La garde à vue, comme toute mesure privative de liberté, doit rester un recours exceptionnel, rappellent les acteurs de la société civile. Une inspection devrait être assurée par le ministère de la Justice.
Comment devraient être appliquées ces nouvelles dispositions ?
Afin que l’avocat puisse s’entretenir seul à seul avec le suspect, et que le secret professionnel soit respecté, la mise en place d’une pièce fermée dans chaque commissariat du pays a été demandée auprès du ministère de l’Intérieur, a indiqué Maître Habib Younsi. Une permanence pour les week-ends et jours fériés est également en train de se mettre en place dans chaque région, a-t-il ajouté, et une liste d’avocats disponibles sera distribuée dans les commissariats.
En cas de manquement aux nouvelles dispositions de l’article 13bis, la nullité de la procédure pourra être soulevée.
Quels points inquiètent encore ?
« Cette réforme constitue un vrai marqueur dans la construction de l’État de droit en Tunisie », a déclaré Antonio Manganella. Dans un communiqué publié le 31 mai, son organisation s’inquiète néanmoins de nombreuses difficultés pratiques et du travail qu’il reste encore à faire pour rendre effectif et accessible ce dispositif. « Les autorités n’ont pas assez communiqué sur l’entrée en vigueur de la loi. Or, si le justiciable ne connaît pas son droit, il peut difficilement le revendiquer », fait remarquer Héla Ben Salem, coordinatrice du programme réforme de la justice auprès d’ASF.
D’autres questions se posent aussi concernant notamment le financement de tels changements (prise en charge des frais de justice, rémunération des avocats et des magistrats, travaux dans les commissariats…), la formation des différents acteurs (policiers, avocats, procureurs), l’application effective de la nullité de la procédure, ou encore la présence d’un interprète pour les personnes malentendantes ou pour les étrangers.

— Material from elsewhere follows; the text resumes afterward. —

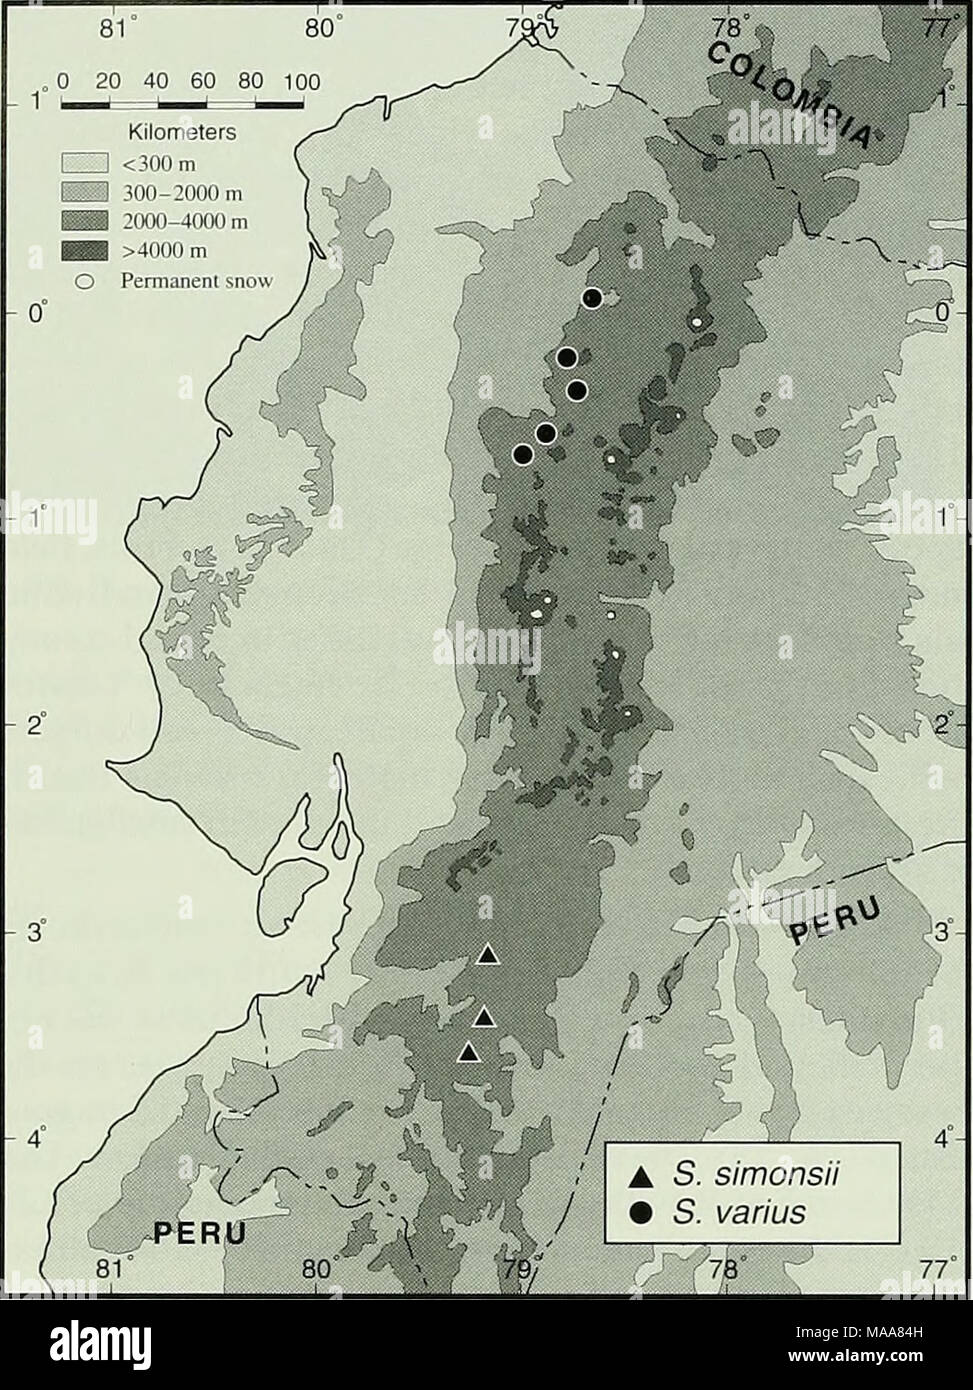 . Ecuadorian lizards of the genus Stenocercus (Squamata: Tropiduridae) . Fig. 19. Distribution of two species of Stenocercus in Ecuador. slightly compressed laterally; (18) gular region of males not black; (19) dorsum bluish gray or green. Stenocercus varius differs from other species of Stenocercus by the combination of smooth ventrals, granu- lar scales on posterior surface of thigh, distinct vertebral crest, 3 caudal whorls per autotomic segment, caudal scales without projecting spines, posthumeral pocket Type 1, postfemoral pocket Type 1 or 2, and 74-88 scales around midbody. Description a Stock Photo

Par ailleurs, une des dispositions de l’article 13 prévoit la possibilité pour le procureur de la République d’interdire, pour « les nécessités de l’enquête », l’accès à l’avocat pour une durée de 48h dans les affaires de terrorisme. La définition de terrorisme dans la nouvelle loi antiterroriste de 2015 étant jugée trop vague…

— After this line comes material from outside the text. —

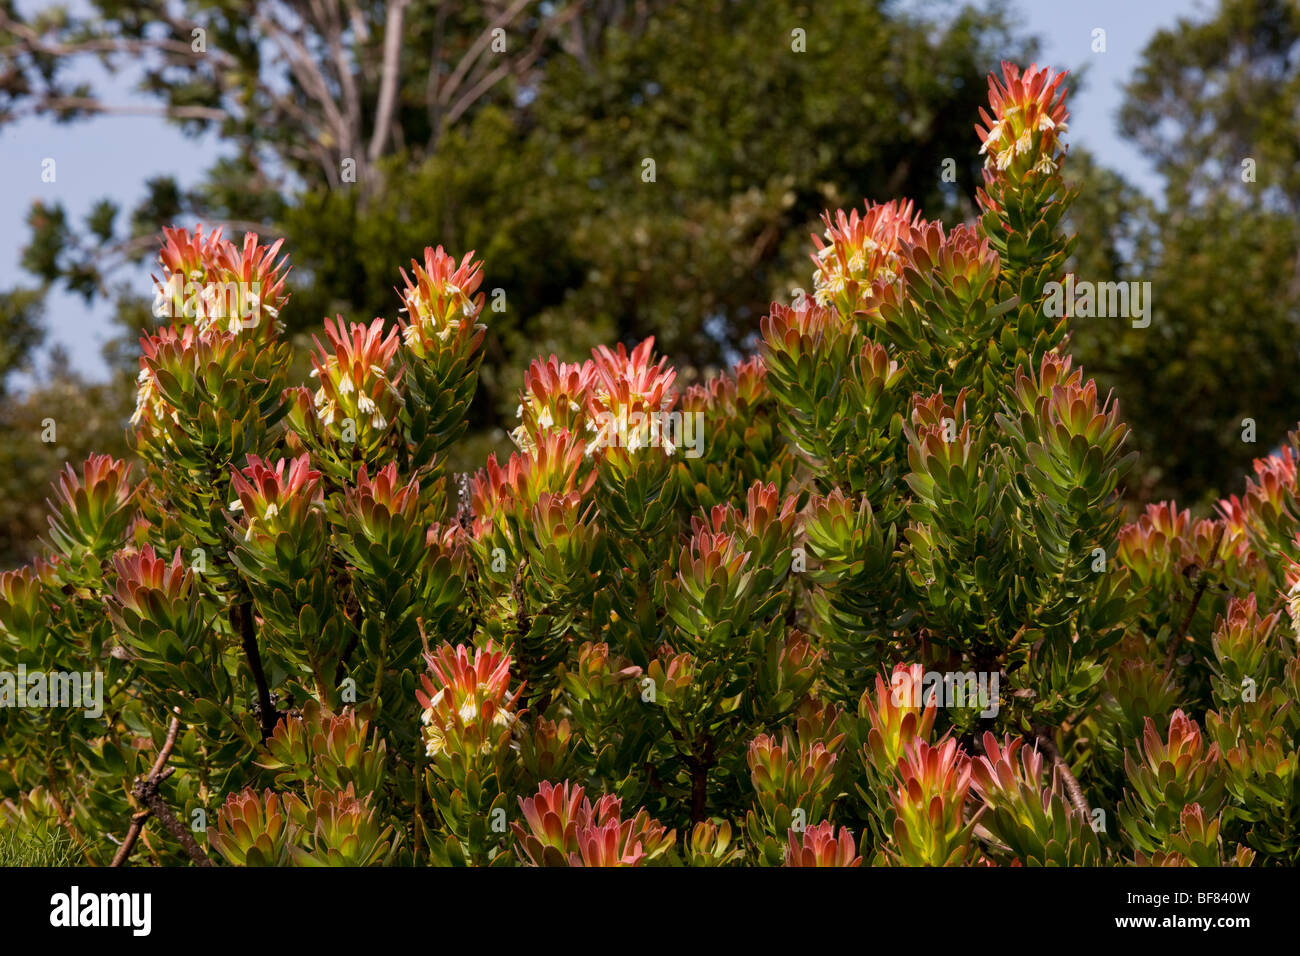 One of the Pagoda bushes, Mimetes cucullatus, Fynbos, Western Cape, South Africa Stock Photo

Lancé dans un quartier du Grand Tunis avec la participation d’une trentaine d’avocats bénévoles, le projet pilote « Garde à vue » d’ASF doit permettre de cerner concrètement les difficultés inhérentes à l’application de la nouvelle loi. Il aboutira à la publication d’un guide pratique et à la diffusion de recommandations à toutes les parties concernées. « Il faut surtout de la bonne volonté de la part de tout le monde et les différents acteurs (surtout les ministères et les officiers de police) ne doivent pas se sentir menacés par l’entrée en vigueur de cette loi », conclut Antonio Manganella.